_Exercise details_: Reproduce exactly, from the data that follows, the line with "This object is", the line with "a couple kissing", and every line that lies between them.

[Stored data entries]
•••

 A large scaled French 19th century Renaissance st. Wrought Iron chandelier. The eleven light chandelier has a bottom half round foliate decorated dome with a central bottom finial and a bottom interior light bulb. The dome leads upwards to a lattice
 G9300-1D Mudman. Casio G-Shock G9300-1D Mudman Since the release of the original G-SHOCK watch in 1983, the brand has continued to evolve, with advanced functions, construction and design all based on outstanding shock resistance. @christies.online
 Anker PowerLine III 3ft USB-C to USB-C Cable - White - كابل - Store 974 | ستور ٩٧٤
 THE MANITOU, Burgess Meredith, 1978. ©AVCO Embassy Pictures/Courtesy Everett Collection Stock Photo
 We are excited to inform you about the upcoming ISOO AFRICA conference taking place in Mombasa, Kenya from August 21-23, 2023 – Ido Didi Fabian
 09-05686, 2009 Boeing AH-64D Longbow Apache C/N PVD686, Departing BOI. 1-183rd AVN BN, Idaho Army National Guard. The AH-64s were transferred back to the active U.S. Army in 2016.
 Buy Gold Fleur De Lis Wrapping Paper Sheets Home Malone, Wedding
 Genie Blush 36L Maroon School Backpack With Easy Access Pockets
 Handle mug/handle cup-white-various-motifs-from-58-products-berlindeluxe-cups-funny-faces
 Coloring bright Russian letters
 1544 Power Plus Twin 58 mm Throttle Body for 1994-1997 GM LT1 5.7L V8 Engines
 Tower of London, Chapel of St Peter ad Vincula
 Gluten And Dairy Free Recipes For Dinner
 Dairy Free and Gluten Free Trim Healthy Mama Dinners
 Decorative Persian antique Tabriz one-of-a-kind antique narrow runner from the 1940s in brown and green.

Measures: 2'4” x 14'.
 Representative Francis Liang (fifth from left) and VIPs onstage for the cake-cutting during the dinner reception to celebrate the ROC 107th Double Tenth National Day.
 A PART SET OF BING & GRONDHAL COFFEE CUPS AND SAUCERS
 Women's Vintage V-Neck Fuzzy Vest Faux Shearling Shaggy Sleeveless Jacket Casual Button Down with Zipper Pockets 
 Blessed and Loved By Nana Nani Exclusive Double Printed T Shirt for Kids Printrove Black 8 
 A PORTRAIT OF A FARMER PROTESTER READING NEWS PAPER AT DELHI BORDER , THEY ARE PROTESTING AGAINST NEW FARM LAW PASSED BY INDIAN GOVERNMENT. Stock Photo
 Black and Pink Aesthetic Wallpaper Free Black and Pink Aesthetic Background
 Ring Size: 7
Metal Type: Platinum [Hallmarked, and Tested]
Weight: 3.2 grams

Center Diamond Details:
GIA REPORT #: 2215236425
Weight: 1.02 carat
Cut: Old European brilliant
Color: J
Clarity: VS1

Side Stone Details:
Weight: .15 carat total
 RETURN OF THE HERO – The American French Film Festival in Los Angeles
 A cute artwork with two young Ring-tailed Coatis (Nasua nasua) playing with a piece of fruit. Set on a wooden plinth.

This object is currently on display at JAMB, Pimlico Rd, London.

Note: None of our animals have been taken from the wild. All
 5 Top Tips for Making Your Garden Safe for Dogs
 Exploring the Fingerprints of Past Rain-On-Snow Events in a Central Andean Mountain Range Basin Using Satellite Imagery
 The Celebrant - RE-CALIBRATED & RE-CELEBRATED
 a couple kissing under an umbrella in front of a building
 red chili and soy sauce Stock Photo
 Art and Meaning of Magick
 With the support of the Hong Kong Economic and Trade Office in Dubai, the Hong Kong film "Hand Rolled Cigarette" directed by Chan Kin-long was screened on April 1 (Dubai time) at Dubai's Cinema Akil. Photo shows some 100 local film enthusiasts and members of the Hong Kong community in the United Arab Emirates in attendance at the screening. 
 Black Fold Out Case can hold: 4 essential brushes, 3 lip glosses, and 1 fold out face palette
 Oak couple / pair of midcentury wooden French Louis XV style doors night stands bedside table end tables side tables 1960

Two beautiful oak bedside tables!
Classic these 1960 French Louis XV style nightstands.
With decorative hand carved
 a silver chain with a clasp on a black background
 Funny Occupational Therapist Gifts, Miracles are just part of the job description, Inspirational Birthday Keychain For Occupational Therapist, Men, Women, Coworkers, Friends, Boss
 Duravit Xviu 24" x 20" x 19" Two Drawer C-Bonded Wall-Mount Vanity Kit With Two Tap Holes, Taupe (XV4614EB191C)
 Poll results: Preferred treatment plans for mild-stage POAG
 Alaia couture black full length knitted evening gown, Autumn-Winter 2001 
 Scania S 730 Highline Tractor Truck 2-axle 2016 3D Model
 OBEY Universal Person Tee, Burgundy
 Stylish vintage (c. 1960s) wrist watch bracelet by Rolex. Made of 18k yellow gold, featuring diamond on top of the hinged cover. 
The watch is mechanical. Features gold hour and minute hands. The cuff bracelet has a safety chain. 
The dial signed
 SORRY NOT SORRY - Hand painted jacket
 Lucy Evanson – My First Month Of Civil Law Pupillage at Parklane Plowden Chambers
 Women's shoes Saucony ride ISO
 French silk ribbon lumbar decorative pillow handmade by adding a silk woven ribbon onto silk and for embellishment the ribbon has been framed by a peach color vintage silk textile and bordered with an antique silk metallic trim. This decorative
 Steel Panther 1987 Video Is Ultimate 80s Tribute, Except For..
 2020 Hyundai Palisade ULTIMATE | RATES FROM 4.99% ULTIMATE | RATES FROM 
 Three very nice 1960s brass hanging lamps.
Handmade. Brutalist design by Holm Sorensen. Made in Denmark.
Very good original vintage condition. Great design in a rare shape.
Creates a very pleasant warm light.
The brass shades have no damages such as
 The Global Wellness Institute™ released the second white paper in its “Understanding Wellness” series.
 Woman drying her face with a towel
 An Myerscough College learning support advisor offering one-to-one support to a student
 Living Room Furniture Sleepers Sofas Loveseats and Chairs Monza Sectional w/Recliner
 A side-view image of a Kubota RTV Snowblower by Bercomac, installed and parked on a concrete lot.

•••

_Result of this exercise_:
This object is currently on display at JAMB, Pimlico Rd, London.

Note: None of our animals have been taken from the wild. All
 5 Top Tips for Making Your Garden Safe for Dogs
 Exploring the Fingerprints of Past Rain-On-Snow Events in a Central Andean Mountain Range Basin Using Satellite Imagery
 The Celebrant - RE-CALIBRATED & RE-CELEBRATED
 a couple kissing under an umbrella in front of a building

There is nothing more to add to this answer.